Efficient Interactive LLM Serving with Proxy Model-based Sequence Length Prediction

Overview

Proposes a novel approach for efficient serving of large language models (LLMs) in interactive settings
Introduces a proxy model-based sequence length prediction technique to optimize resource allocation and reduce latency
Demonstrates significant improvements in serving throughput and response time compared to existing methods

Plain English Explanation

This research paper addresses the challenge of efficiently serving large language models (LLMs) in interactive settings, where users expect fast responses. The key idea is to use a proxy model to predict the sequence length of the LLM's output, which allows the system to better allocate resources and reduce latency.

Traditionally, LLM serving systems have struggled with the unpredictable output lengths of these models, leading to inefficient resource utilization and long response times. The researchers behind this paper have developed a technique that uses a smaller, faster proxy model to estimate the output sequence length before running the actual LLM. This information is then used to optimize the resource allocation and scheduling, resulting in a significant improvement in serving throughput and response time.

By addressing the challenges of LLM serving, this research can help make these powerful models more accessible and usable in real-time interactive applications, such as chatbots, virtual assistants, and creative writing tools.

Technical Explanation

The researchers propose a proxy model-based sequence length prediction technique to improve the efficiency of LLM serving.
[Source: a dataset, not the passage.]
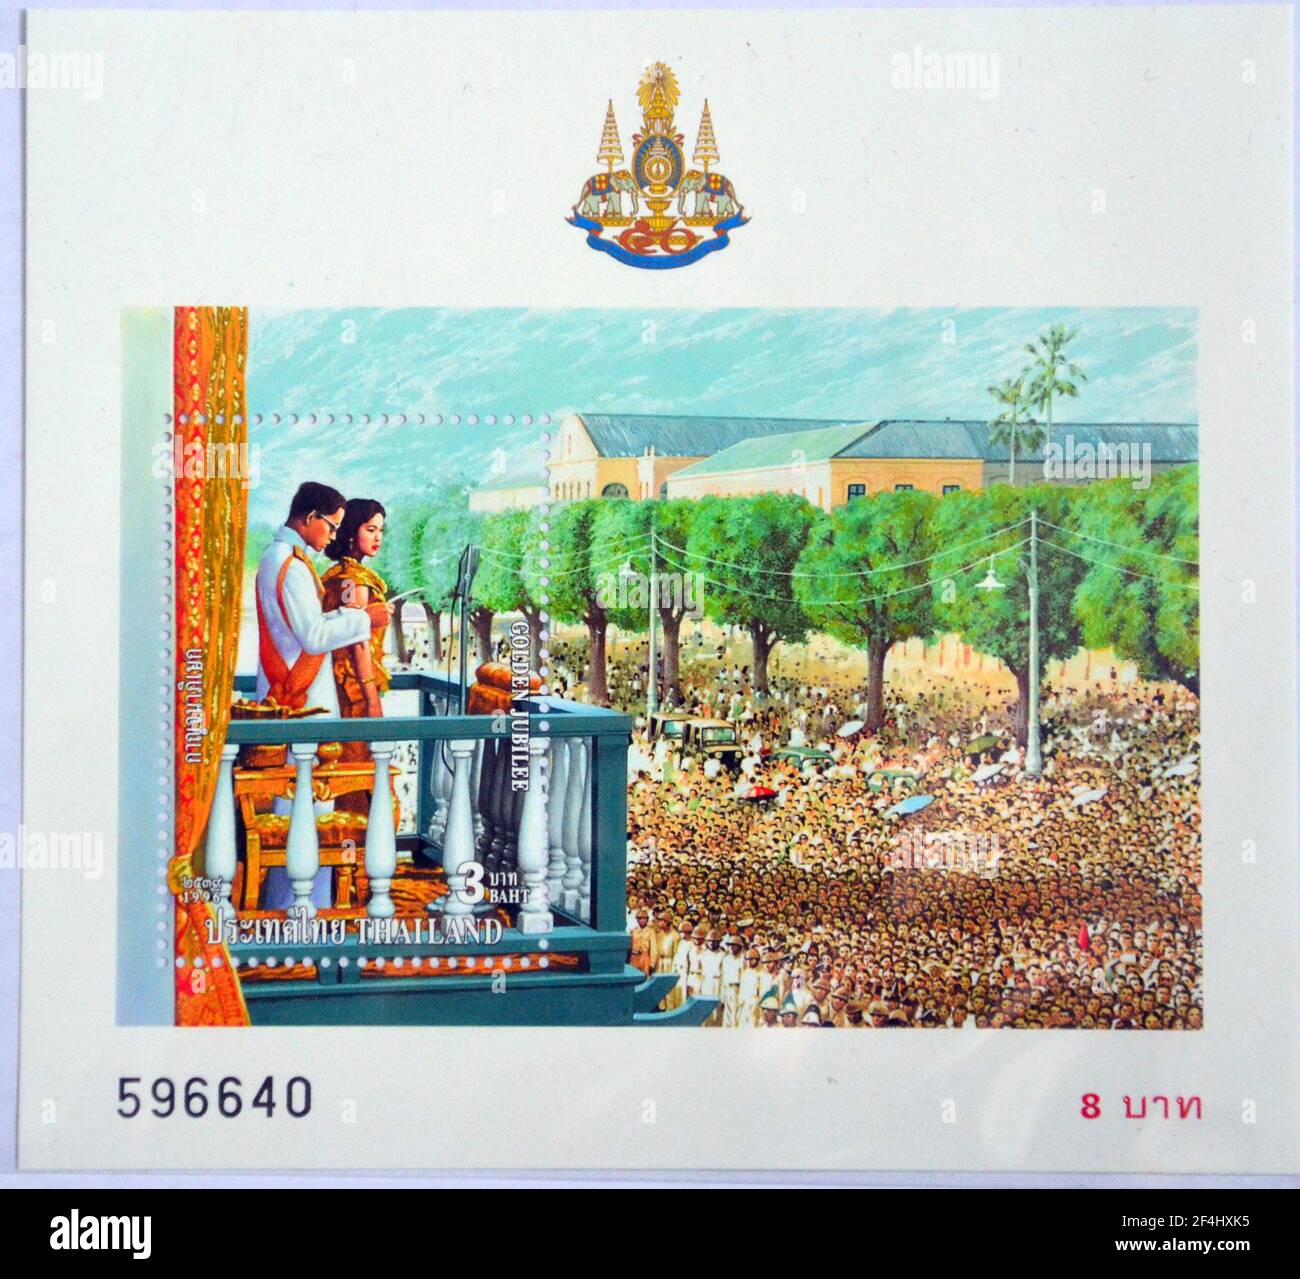 1996 Thailand souvenir Stamp mini feuille Roi Bhumibol Golden Jubilee. Le roi Bhumibol Adulyadej était le neuvième monarque de Thaïlande de la dynastie Chakri, intitulé Rama IX Banque D'Images

The key components of their approach include:

Proxy Model: The researchers train a separate, smaller model to estimate the output sequence length of the target LLM. This proxy model is designed to be faster and more resource-efficient than the full LLM.
Resource Allocation: Using the predicted sequence length from the proxy model, the system can allocate appropriate computational resources (e.g., CPU, memory, GPU) for the LLM inference task, reducing the likelihood of over- or under-provisioning.
Scheduling: The system can also use the sequence length prediction to optimize the scheduling of multiple LLM inference tasks, allowing for more efficient utilization of available resources and reduced latency.

The researchers evaluate their approach on several popular LLMs, including GPT-3 and T5, and demonstrate significant improvements in serving throughput (up to 2.8x) and response time (up to 32%) compared to existing techniques, such as those used in MuxServe.

Critical Analysis

The researchers have thoroughly evaluated their approach and highlighted its benefits, but there are a few potential limitations and areas for further research:

Proxy Model Accuracy: The performance of the overall system is heavily dependent on the accuracy of the proxy model in predicting the LLM's output sequence length. Further research could explore techniques to improve the proxy model's accuracy, such as incorporating additional features or using more advanced architectures.
Generalization: The study focused on a limited set of LLMs, and it's unclear how well the approach would generalize to a wider range of models, especially those with different architectural characteristics or training objectives.
Real-world Deployment: The paper evaluates the approach in a simulated environment, and additional research would be needed to assess its performance and practicality in real-world, production-level LLM serving systems.

Overall, this research presents a promising approach to address the challenges of efficient LLM serving, which is crucial for the widespread adoption and practical use of these powerful models in interactive applications.

Conclusion

The proposed proxy model-based sequence length prediction technique offers a novel solution to the problem of efficiently serving large language models in interactive settings. By leveraging a faster, more resource-efficient proxy model to predict the output sequence length, the system can optimize resource allocation and scheduling, leading to significant improvements in serving throughput and response time. This work represents an important step towards making LLMs more accessible and usable in real-time applications, with potential applications in chatbots, virtual assistants, and creative writing tools. As the field of large language model research continues to evolve, this approach could serve as a valuable contribution to the ongoing efforts to make these models more practical and widely deployable.

This summary was produced with help from an AI and may contain inaccuracies - check out the links to read the original source documents!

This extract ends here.